I didn’t expect it to happen.  Then again, I did—well, not really.

No, I certainly didn’t expect it.

I’ve had moments of clarity in my life.  Amazingly enough, many of them were in the midst of a dream. For a brief second I would know the meaning of life or the missing treatment to cure cancer.  And then as quickly as it popped into my mind it was gone. I really don’t recollect dying.  Just this unbelievable sense of clear headedness—like walking into a room newly painted and knowing by the odor and brightness that the color on the wall is so splattering new that you should be careful not to touch it for fear of smearing the design. The greatest revelation of all? 

Twenty-five miles in the sky time ceases to exist.

The planet Pluto takes two hundred and forty-eight years to circle the sun.
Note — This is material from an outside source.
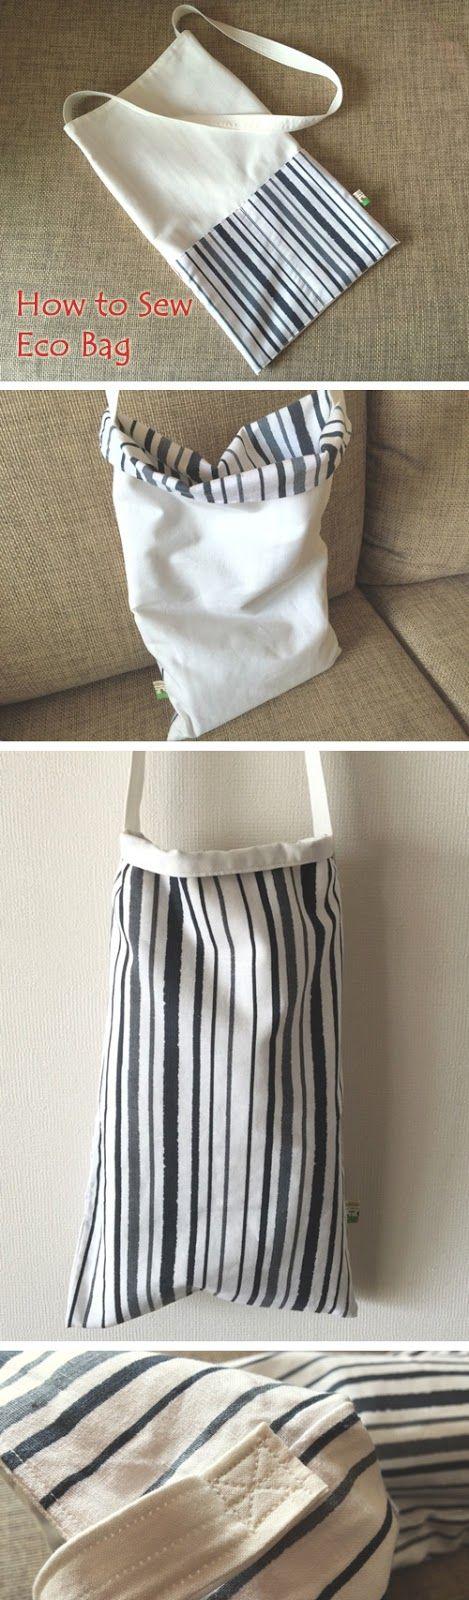 Easy  Reusable Grocery shopping Bag photo Tutorial.  http://www.handmadiya.com/2016/06/how-to-sew-double-sided-eco-bag.html

It doesn’t give a damn. 

The day of my death was the day I became free of the only burden I really ever had.  TIME.

Useless.

Time is fussy.  Time is worry. 

Time is fear.  Time is the culprit causing human-types to recoil from pending generosity. 

There just was never enough time. 

Time would not allow it.  Remember—“if time permits …”

Why if time permits?  Why not if I permit?  Why not if I dream?  Why not if I want?  Why does time get to dictate to me my passage? 

It was time that robbed me of my soulful nature.    It was time that convinced me that my selfishness was needed. 

I didn’t die. The clock in me died, leaving spirit to tick on.  

So why don’t we see the farce of time?  Why do we allow ourselves to fall under the power of the cruel despot?  Yes, time is a relentless master—very little wage for much demand.

I died today. 

Actually … a piece of time named after me was cast away.